Warning: Unable to verify antiderivative.

[In]

Integrate[(d*Sec[e + f*x])^m/(a + b*Tan[e + f*x]),x]

[Out]

((d*Sec[e + f*x])^m*(b - b*(Sec[e + f*x]^2)^(m/2) + a*m*Hypergeometric2F1[1/2, 1 - m/2, 3/2, -Tan[e + f*x]^2]*

Tan[e + f*x] + (b*AppellF1[-m, -1/2*m, -1/2*m, 1 - m, (a - I*b)/(a + b*Tan[e + f*x]), (a + I*b)/(a + b*Tan[e +

f*x])]*(Sec[e + f*x]^2)^(m/2))/(((b*(-I + Tan[e + f*x]))/(a + b*Tan[e + f*x]))^(m/2)*((b*(I + Tan[e + f*x]))/

(a + b*Tan[e + f*x]))^(m/2))))/(f*(a + b*Tan[e + f*x])*(a*m*Hypergeometric2F1[1/2, 1 - m/2, 3/2, -Tan[e + f*x]

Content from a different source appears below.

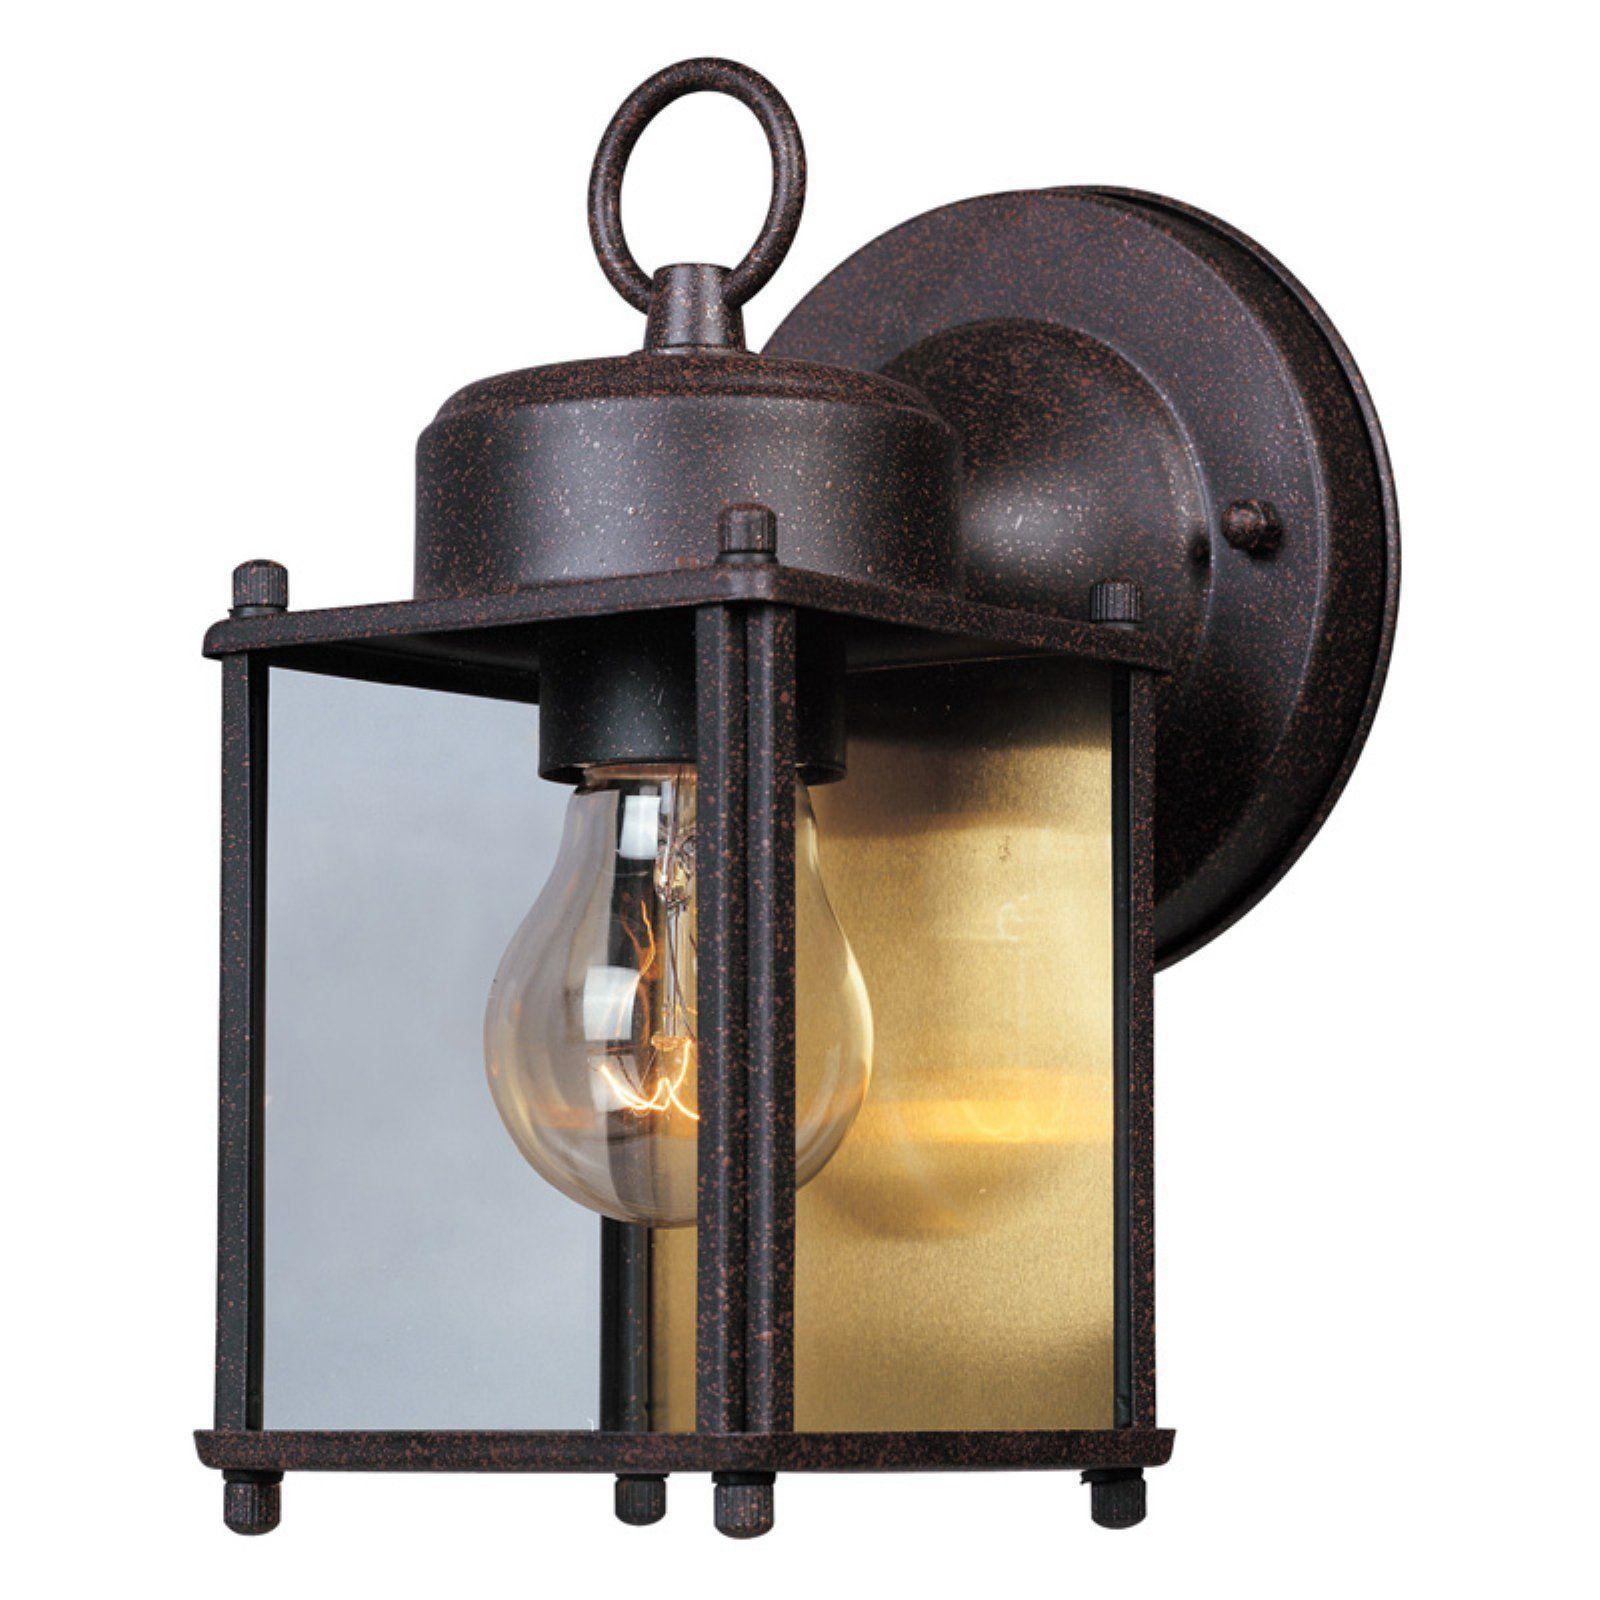 Outdoor 1161 Porch Wall Lantern
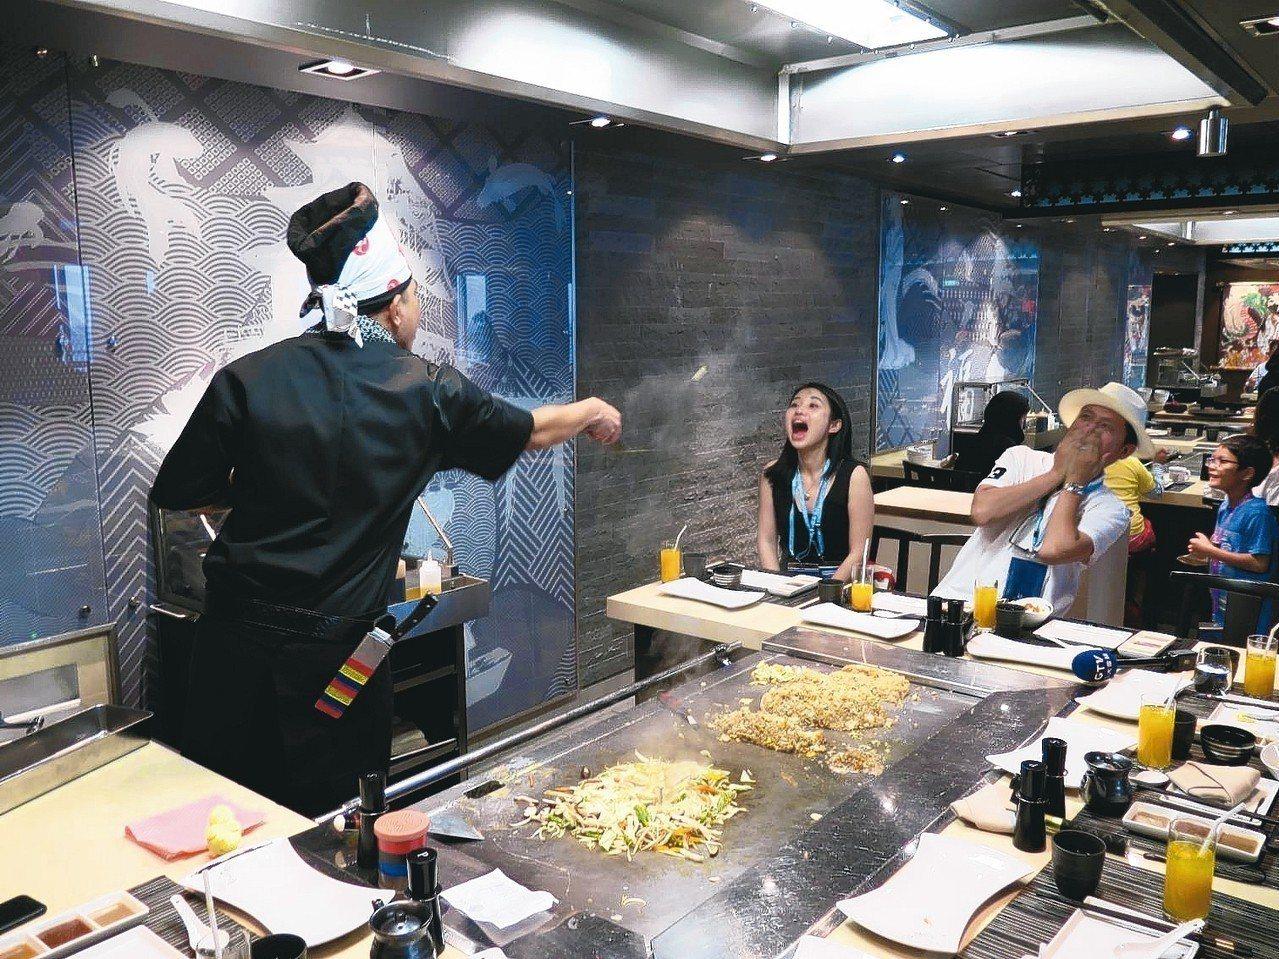 滋味鐵板燒的師傅喜歡跟客人互動,把燒好的蛋遠遠扔進客人嘴裡。 記者葉君遠/攝影

^2]*Sec[e + f*x]^2 - b*m*(Sec[e + f*x]^2)^(m/2)*Tan[e + f*x] + (b*m*AppellF1[-m, -1/2*m, -1/2*m, 1 - m, (a - I

*b)/(a + b*Tan[e + f*x]), (a + I*b)/(a + b*Tan[e + f*x])]*(Sec[e + f*x]^2)^(m/2)*Tan[e + f*x])/(((b*(-I + Tan[

e + f*x]))/(a + b*Tan[e + f*x]))^(m/2)*((b*(I + Tan[e + f*x]))/(a + b*Tan[e + f*x]))^(m/2)) + (b*(Sec[e + f*x]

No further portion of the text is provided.